=== EXERCISE ===
In your reply, reproduce the lines from the first one below to the line containing "Westafrika, Mali, Sahara, Regione", inclusive, exactly as they stand.

Source data:
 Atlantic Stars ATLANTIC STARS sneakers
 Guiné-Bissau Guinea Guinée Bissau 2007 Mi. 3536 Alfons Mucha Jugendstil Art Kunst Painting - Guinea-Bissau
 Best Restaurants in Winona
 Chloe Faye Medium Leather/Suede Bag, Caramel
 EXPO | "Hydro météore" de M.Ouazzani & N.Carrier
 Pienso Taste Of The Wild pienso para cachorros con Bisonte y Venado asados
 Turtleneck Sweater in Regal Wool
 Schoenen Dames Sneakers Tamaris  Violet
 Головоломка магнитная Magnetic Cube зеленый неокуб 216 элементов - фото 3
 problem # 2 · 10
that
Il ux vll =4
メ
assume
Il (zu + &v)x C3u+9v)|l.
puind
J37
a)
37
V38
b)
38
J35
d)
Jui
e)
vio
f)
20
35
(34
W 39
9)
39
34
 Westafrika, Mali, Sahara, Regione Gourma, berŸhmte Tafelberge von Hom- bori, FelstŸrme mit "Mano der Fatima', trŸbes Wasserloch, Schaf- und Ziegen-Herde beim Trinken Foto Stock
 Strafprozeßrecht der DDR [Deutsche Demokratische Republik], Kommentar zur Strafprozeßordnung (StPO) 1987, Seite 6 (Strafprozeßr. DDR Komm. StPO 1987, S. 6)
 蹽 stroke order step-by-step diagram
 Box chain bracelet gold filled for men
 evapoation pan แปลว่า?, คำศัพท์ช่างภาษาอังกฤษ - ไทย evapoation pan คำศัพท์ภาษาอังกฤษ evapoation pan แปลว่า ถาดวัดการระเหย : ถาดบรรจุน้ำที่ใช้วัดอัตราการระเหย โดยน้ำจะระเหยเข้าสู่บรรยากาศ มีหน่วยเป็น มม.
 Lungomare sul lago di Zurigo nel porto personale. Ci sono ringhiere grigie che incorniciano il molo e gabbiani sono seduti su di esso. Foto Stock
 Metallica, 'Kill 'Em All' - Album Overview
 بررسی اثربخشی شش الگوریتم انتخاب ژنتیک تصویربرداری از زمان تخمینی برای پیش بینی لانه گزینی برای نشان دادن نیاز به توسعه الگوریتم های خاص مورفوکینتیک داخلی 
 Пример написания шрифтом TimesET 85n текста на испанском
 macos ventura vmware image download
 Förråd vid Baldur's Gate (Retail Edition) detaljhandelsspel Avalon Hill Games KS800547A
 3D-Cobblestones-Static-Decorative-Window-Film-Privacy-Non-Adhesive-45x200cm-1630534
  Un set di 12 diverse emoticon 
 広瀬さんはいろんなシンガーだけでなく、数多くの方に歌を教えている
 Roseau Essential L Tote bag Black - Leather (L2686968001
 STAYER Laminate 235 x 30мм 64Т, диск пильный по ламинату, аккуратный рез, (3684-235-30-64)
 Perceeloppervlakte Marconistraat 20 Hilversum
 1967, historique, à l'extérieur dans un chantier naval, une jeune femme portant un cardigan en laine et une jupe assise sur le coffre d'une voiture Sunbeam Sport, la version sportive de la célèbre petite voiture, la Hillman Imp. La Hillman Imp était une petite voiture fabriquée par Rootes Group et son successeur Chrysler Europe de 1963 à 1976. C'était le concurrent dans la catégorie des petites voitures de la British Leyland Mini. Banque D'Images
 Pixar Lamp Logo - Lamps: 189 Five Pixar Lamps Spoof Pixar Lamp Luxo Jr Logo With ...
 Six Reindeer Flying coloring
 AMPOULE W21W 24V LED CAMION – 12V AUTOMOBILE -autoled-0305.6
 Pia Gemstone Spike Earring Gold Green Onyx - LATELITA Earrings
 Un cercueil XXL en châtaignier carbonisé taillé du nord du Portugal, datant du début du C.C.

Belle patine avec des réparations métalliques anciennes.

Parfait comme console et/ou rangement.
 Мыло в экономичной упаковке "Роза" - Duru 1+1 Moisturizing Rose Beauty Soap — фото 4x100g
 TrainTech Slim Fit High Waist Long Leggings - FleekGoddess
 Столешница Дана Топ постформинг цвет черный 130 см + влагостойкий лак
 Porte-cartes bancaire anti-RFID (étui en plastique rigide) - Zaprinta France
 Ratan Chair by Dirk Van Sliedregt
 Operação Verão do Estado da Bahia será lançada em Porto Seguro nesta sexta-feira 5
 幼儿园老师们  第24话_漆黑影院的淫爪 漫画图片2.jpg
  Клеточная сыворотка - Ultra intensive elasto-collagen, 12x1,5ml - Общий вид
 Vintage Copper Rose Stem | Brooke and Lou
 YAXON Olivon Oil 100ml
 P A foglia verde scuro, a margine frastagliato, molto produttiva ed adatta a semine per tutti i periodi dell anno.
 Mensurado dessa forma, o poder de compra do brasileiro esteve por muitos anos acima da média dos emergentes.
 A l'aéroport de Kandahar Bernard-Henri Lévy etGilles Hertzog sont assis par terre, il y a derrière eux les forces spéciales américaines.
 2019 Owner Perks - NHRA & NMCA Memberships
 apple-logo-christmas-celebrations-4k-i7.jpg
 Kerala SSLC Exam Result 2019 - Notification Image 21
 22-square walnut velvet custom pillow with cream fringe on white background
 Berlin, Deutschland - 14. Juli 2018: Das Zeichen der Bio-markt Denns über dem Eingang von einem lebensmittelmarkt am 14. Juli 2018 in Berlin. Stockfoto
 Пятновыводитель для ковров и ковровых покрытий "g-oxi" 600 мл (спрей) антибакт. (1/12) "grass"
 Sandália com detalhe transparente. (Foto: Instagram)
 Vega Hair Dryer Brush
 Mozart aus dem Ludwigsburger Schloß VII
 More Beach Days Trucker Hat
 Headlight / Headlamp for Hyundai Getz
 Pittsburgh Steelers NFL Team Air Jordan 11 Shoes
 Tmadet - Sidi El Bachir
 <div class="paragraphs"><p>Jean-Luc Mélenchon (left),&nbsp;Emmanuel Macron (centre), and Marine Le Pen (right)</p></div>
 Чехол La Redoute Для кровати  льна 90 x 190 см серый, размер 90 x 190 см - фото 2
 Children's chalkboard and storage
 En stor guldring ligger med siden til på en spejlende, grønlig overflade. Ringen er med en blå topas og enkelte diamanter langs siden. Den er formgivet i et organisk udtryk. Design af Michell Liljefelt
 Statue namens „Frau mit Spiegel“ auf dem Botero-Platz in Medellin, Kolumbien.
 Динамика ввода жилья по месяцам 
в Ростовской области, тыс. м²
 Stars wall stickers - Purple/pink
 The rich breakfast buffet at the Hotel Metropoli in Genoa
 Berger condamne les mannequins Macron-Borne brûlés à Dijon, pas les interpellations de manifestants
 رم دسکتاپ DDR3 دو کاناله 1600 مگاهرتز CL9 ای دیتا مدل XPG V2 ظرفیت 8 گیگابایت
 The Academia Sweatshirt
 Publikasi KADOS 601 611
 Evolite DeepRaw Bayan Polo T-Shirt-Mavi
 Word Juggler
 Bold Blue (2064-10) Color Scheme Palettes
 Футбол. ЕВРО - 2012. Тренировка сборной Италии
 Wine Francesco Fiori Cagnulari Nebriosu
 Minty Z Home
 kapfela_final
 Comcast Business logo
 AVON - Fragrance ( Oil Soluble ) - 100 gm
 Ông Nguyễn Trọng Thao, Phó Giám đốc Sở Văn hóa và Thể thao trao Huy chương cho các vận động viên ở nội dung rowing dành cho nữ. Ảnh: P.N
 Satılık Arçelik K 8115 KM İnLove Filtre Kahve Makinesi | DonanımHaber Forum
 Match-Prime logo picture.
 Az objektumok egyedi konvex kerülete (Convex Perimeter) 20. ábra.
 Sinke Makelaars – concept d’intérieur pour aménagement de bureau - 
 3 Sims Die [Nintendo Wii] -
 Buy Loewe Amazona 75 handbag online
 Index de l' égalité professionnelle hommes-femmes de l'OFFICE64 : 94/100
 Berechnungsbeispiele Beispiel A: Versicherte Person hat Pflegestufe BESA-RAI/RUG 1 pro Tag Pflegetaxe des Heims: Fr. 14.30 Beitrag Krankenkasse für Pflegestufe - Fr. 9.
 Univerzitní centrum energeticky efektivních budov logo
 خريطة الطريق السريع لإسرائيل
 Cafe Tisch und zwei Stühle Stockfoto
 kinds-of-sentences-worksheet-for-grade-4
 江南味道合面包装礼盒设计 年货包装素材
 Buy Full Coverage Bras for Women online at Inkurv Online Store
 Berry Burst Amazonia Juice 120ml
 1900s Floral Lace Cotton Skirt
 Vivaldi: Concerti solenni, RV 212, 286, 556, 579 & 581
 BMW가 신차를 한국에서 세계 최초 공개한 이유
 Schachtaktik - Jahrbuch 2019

=== SOLUTION TO THIS PROBLEM ===
 Atlantic Stars ATLANTIC STARS sneakers
 Guiné-Bissau Guinea Guinée Bissau 2007 Mi. 3536 Alfons Mucha Jugendstil Art Kunst Painting - Guinea-Bissau
 Best Restaurants in Winona
 Chloe Faye Medium Leather/Suede Bag, Caramel
 EXPO | "Hydro météore" de M.Ouazzani & N.Carrier
 Pienso Taste Of The Wild pienso para cachorros con Bisonte y Venado asados
 Turtleneck Sweater in Regal Wool
 Schoenen Dames Sneakers Tamaris  Violet
 Головоломка магнитная Magnetic Cube зеленый неокуб 216 элементов - фото 3
 problem # 2 · 10
that
Il ux vll =4
メ
assume
Il (zu + &v)x C3u+9v)|l.
puind
J37
a)
37
V38
b)
38
J35
d)
Jui
e)
vio
f)
20
35
(34
W 39
9)
39
34
 Westafrika, Mali, Sahara, Regione Gourma, berŸhmte Tafelberge von Hom- bori, FelstŸrme mit "Mano der Fatima', trŸbes Wasserloch, Schaf- und Ziegen-Herde beim Trinken Foto Stock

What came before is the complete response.